- **SUPPLIED DATA**
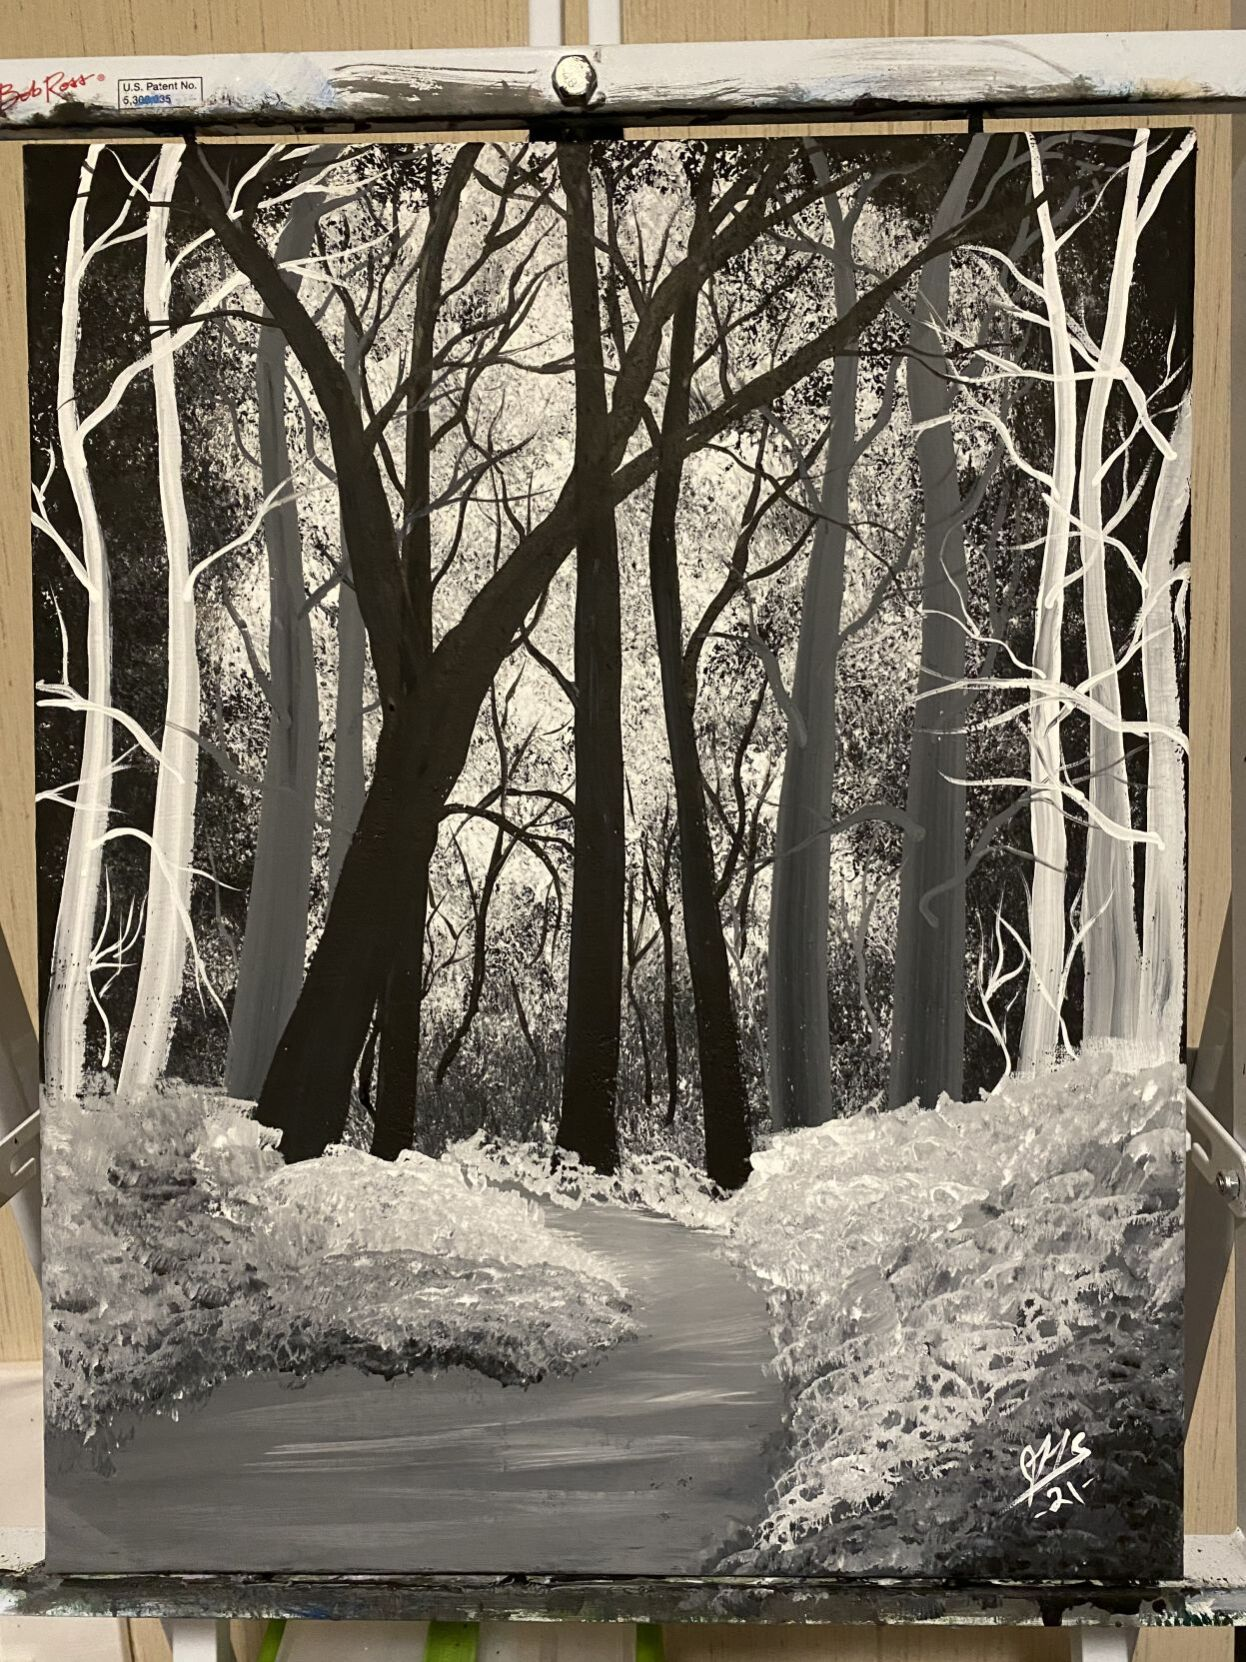 Jennette Starritt is Local Artist Gallery Artist of the Month
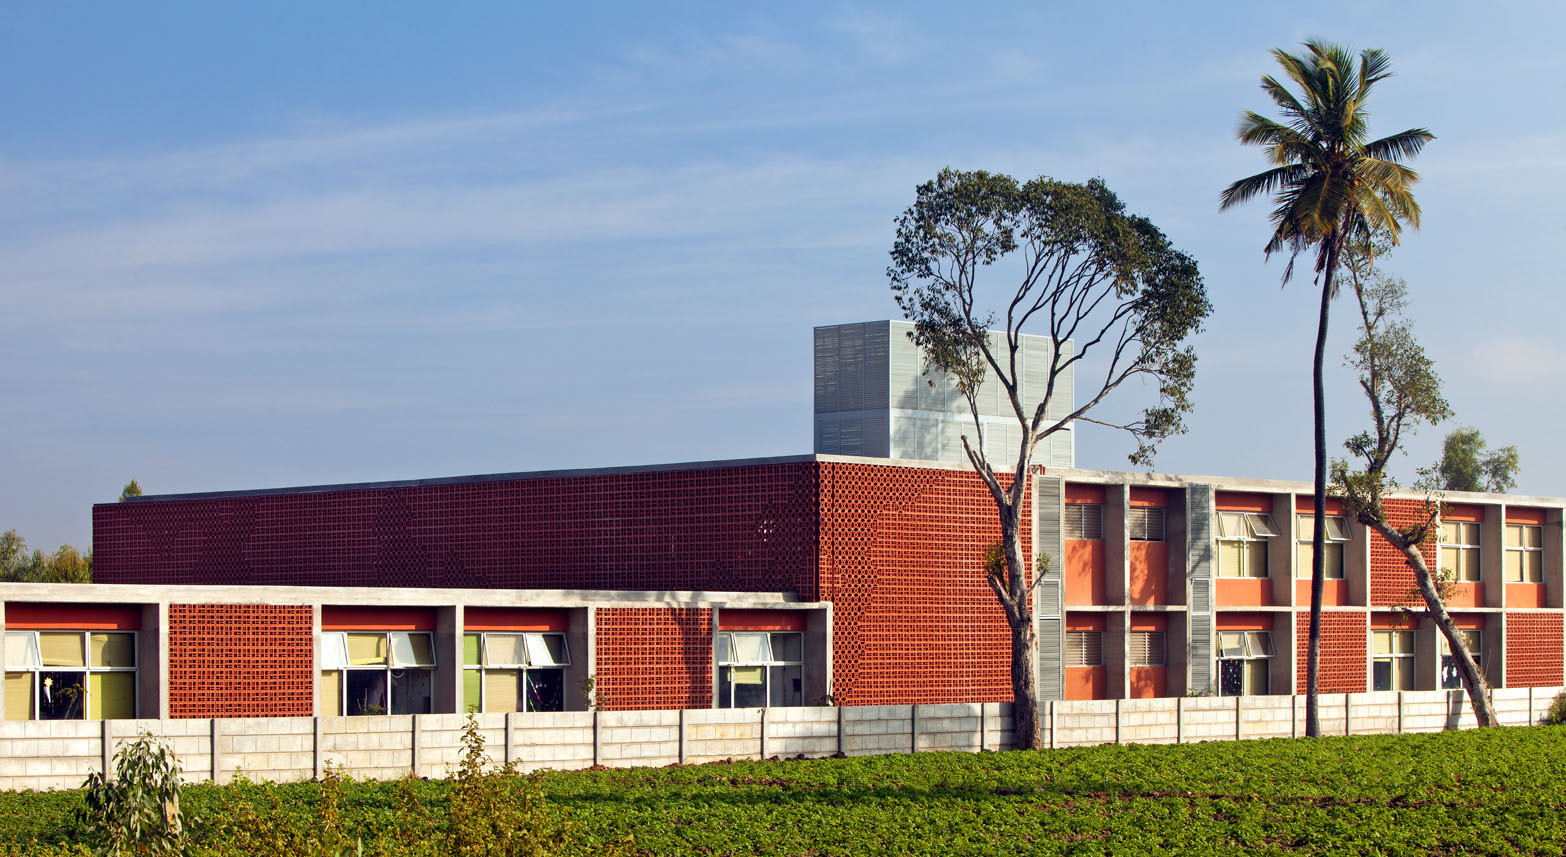 Gallery of dps kindergarden school khosla associates 4 for Design4 architects bangalore
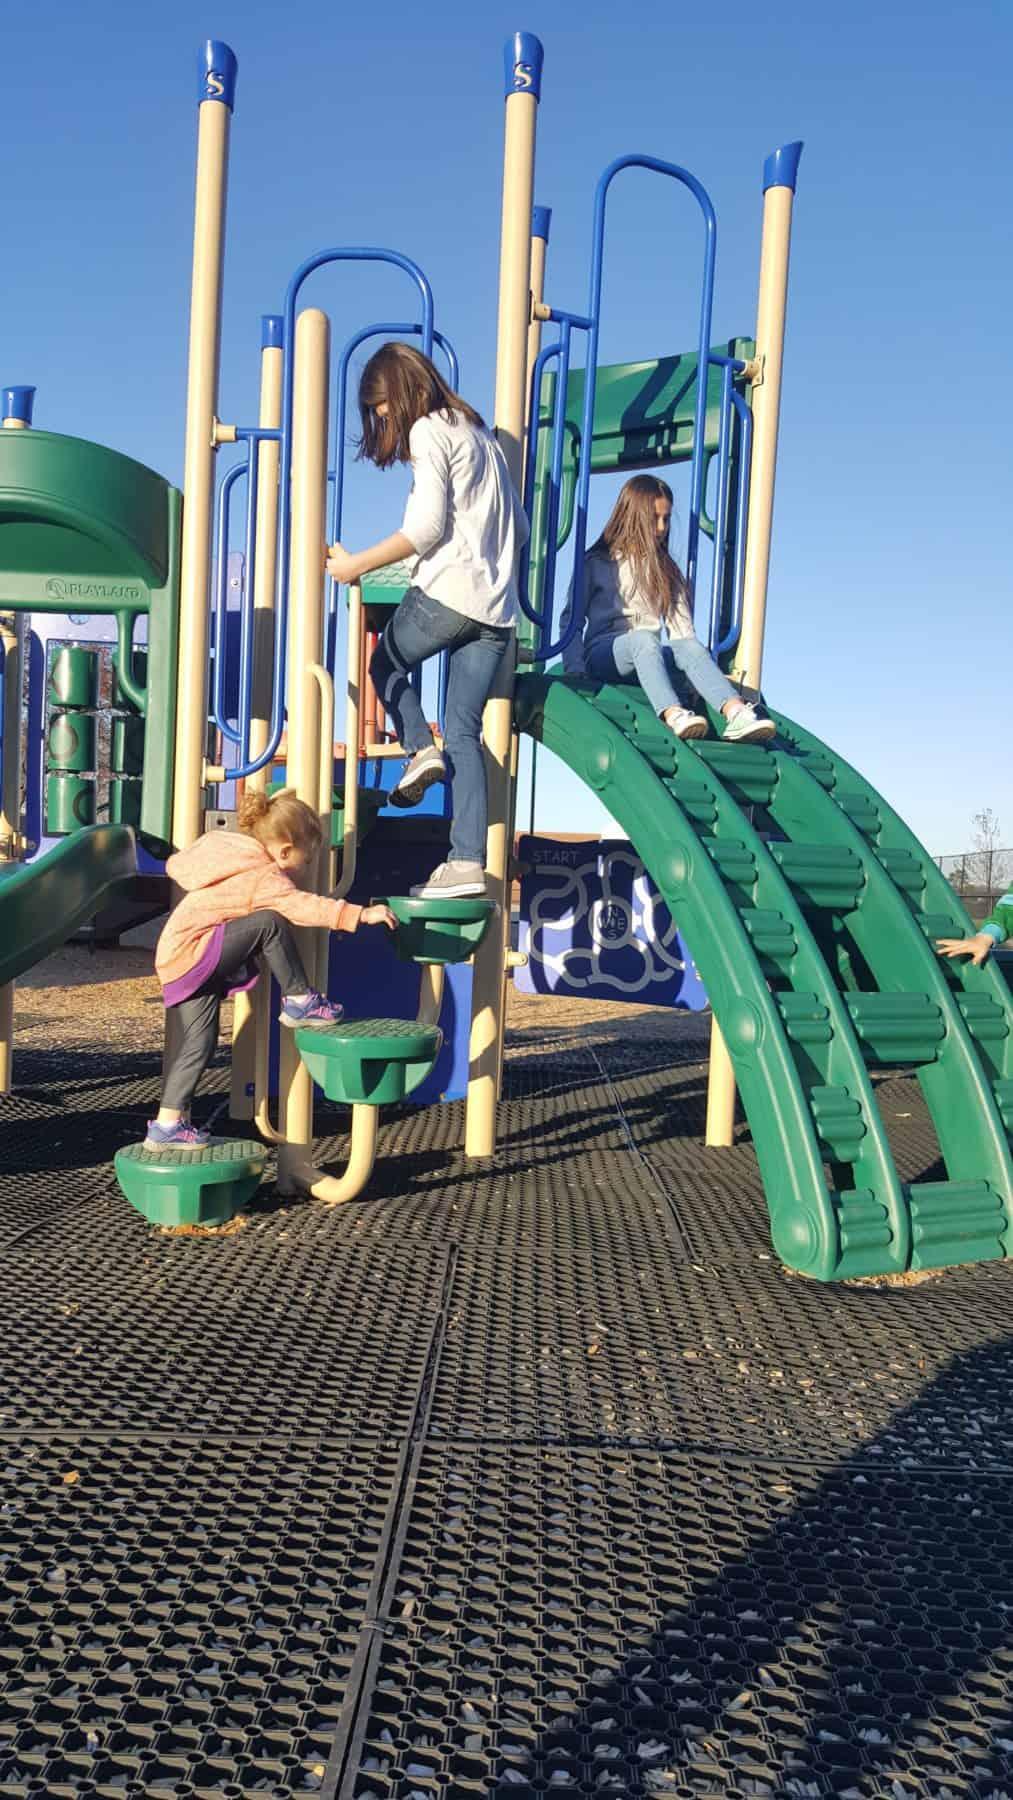 outdoor flooring equipment playground mats play uk esp educational surfacing
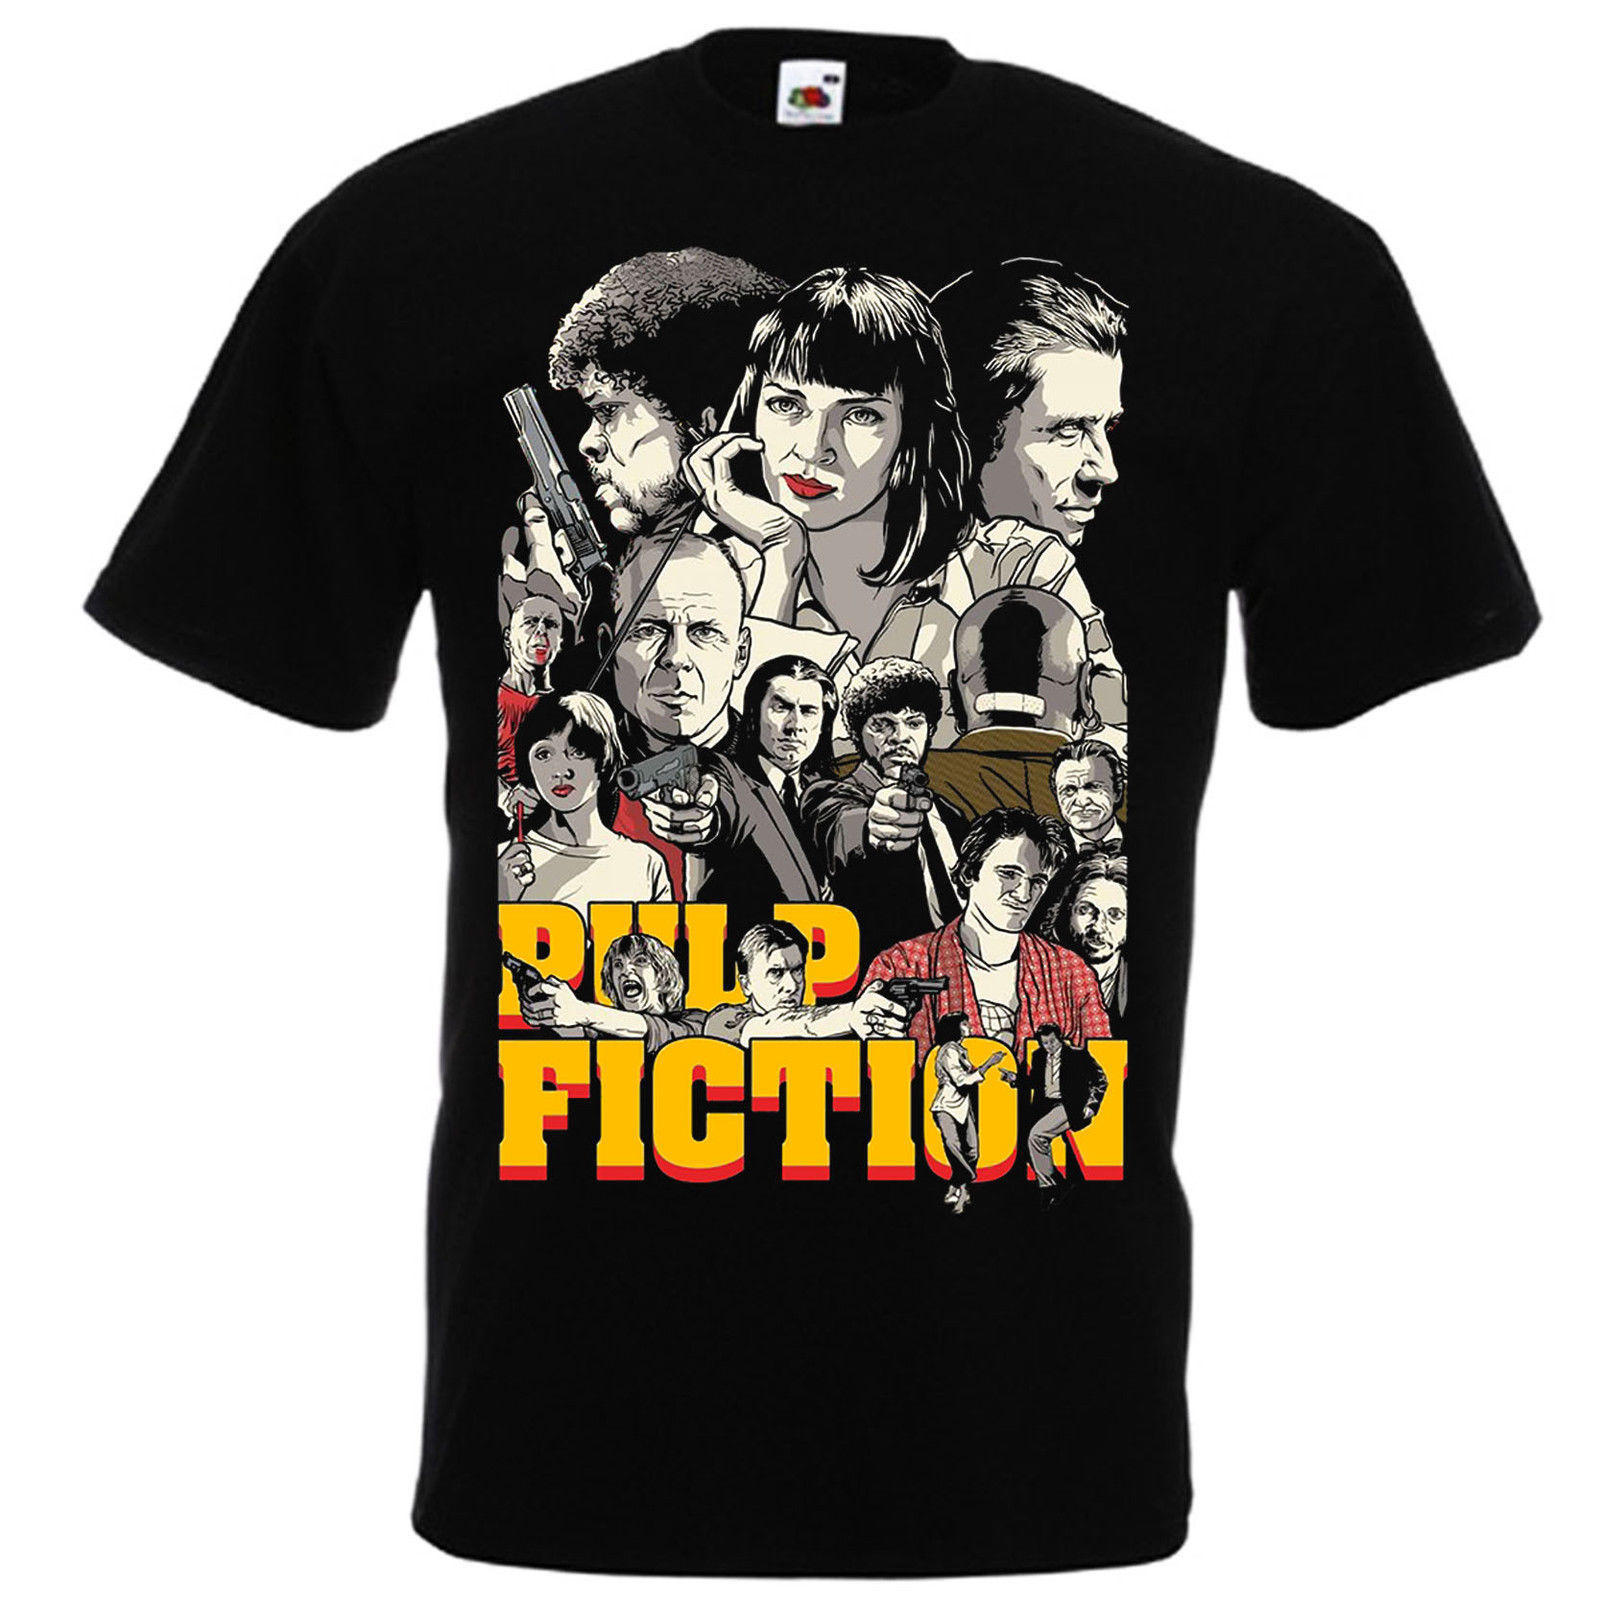 pulp-fiction-black-t-shirt-quentin-font-b-tarantino-b-font-'94-john-travolta-samuel-l-jackson-male-harajuku-top-fitness-brand-clothing

- **WHAT YOU SHOULD DO**
Quote everything in the listing above exactly; pictures are the only thing to omit.

- **REPLY**
 Jennette Starritt is Local Artist Gallery Artist of the Month
 Gallery of dps kindergarden school khosla associates 4 for Design4 architects bangalore
 outdoor flooring equipment playground mats play uk esp educational surfacing
 pulp-fiction-black-t-shirt-quentin-font-b-tarantino-b-font-'94-john-travolta-samuel-l-jackson-male-harajuku-top-fitness-brand-clothing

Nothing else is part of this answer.